The Yeoman's Tale in The Canterbury Tales: Prologue & Summary

Instructor: Joseph Altnether

Joe has taught college English courses for several years, has a Bachelor's degree in Russian Studies and a Master's degree in English literature.

A late addition to Chaucer's ''The Canterbury Tales,'' the yeoman's tale is a confessional as well as a cautionary tale regarding the works of alchemists and how this obsession will bring a man to ruin, both morally and economically.

A Secret Revealed, Accidentally

Imagine: A canon and his yeoman arrive on horseback. Upon arrival, their horses are tired and frothing from the hard journey. The yeoman and canon are poorly dressed, yet the host of the travelers greets these new guests and asks after their health. The yeoman returns the greeting and mentions that the canon 'loves to have a gossip.' This comment inspires the host to ask if the canon would be willing to tell a tale and bring cheer to everyone.

The yeoman, servant to the canon (a member of the clergy) indicates that the canon has had many adventures: 'you gentlemen would find right difficult/To carry out.' This piques the curiosity of the host, who encourages the yeoman to reveal more about his master. The yeoman inadvertently shares that the canon is an alchemist, which angers the canon and forces him to leave discreetly. With his departure, the yeoman confesses that he is ashamed and destitute because of his role in this obsessive quest, one he intends to abandon, but only after he tells his tale.


Biography of an Alchemist

The yeoman describes his seven years as a servant to the canon and how it has affected him. His clothes stink. He has become destitute, since all his money and time are spent assisting the canon on his quest for gold. Any precious metals they do obtain are done so through deceptive means and used in their con jobs. All of this to try and find the philosopher's stone, the magic stone that will change any metal to gold.

The toll on the yeoman is not only economical but also physical. He mentions that 'where my colour was once fresh and red,/Now it is wan, and of a leaden hue.' Not only is his physical appearance altered from this work, but when things go wrong in the laboratory, they all 'feel ill done by and begin to squabble.' There is the mental anguish and stress of encountering nothing but failure. The yeoman leaves this biographical insight and tells a tale of the deceitful nature of the alchemists.

How to Swindle a Priest

Having provided a brief glimpse into the life of an alchemist, the yeoman begins his tale about a different canon who swindled a priest. The canon begins his con by borrowing money from a priest and returning it in full within three days. This establishes trust between the canon and the priest. The canon further emphasizes his honor when he states how 'in my make-up there's no deceit whatever.' He then subtly mentions his occupation.

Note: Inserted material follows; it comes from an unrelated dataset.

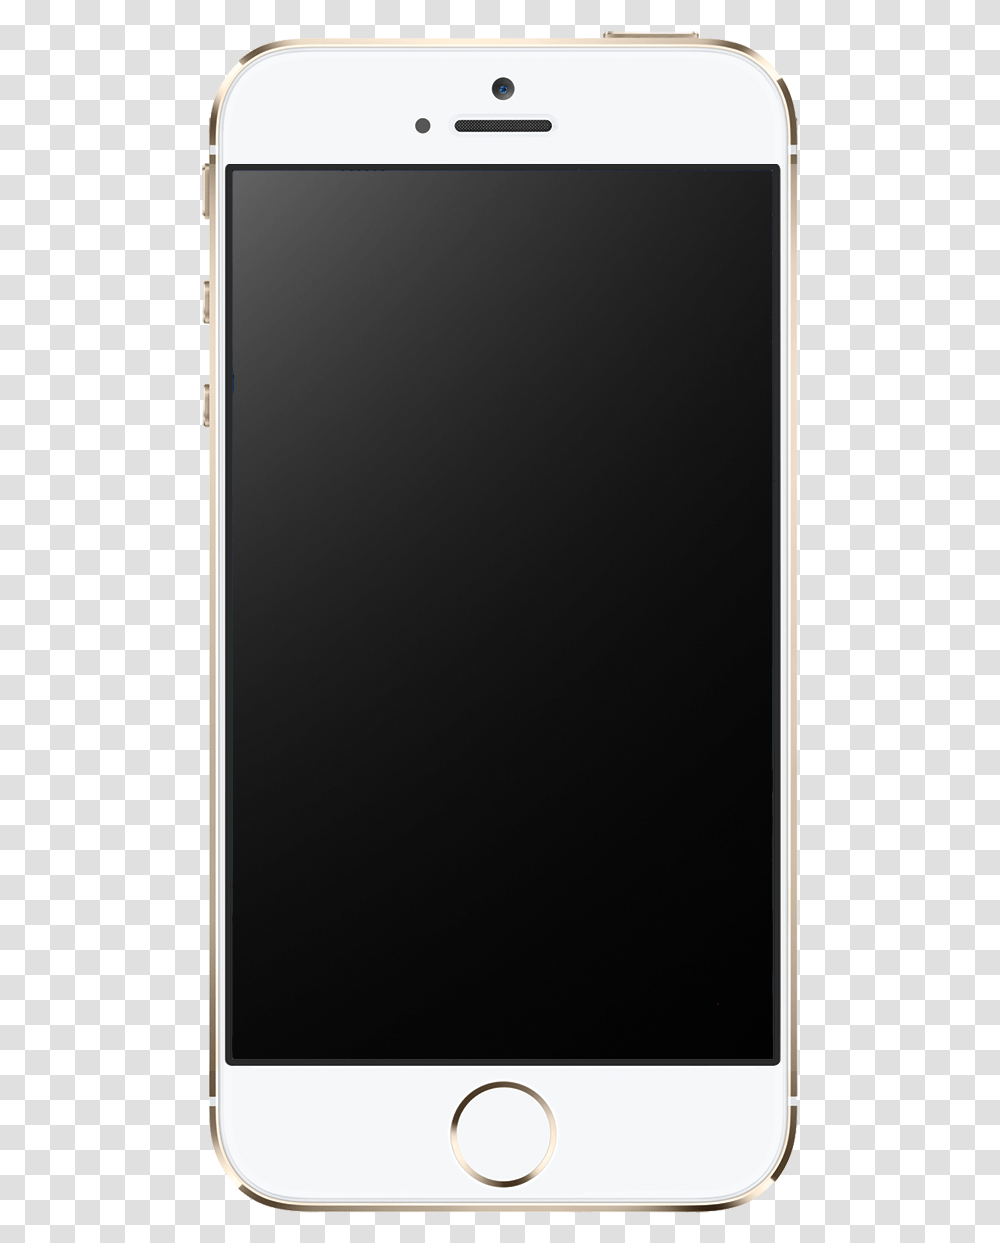 Iphone Apple Image Celular Em Iphone, Mobile Phone, Electronics, Cell Phone, Screen Transparent Png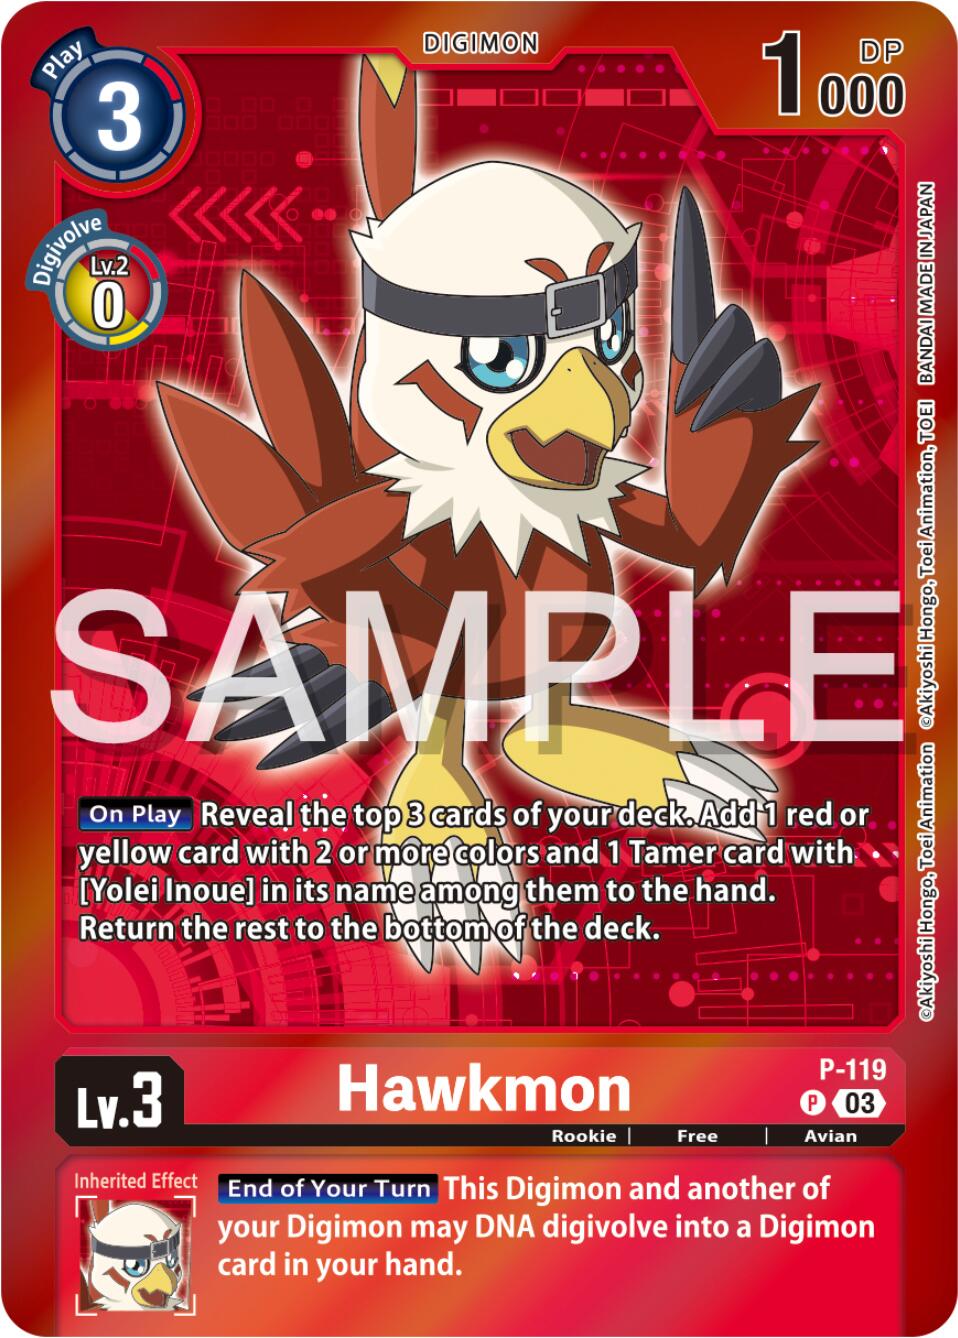 Hawkmon [P-119] - P-119 (Digimon Adventure Box 2024) [Promotional Cards] | Devastation Store

The canon elaborates how one can create silver from mercury, a silver, liquid metal. He offers an example, but it is all smoke and flash. In this first example, the canon has a piece of coal, inside of which is a sliver of silver. The coal is sealed with wax, so when he throws it on the fire, the wax melts and the silver is found amidst the ashes. The canon does this two more times, once with a piece of chalk and then with a stick. A sliver of metal is inside each hollowed-out object, which is sealed shut with wax. As before, when the wax melts, the metal is found at the bottom of the container. He now begins to reel the priest in.

The priest is fascinated by this process and wants to know more. He tells the canon to let him in on the secret. The canon hems and haws a bit, but tells him that for forty pounds, he will reveal all. If they had not established such a relationship, the cost would have been greater. The canon emphasizes that everything he reveals must remain secret. No one can know, for it would be great peril upon the canon's life. Upon receiving the money, the canon quickly departs. The priest receives no receipt of payment and eventually learns that the process was nothing more than a trick.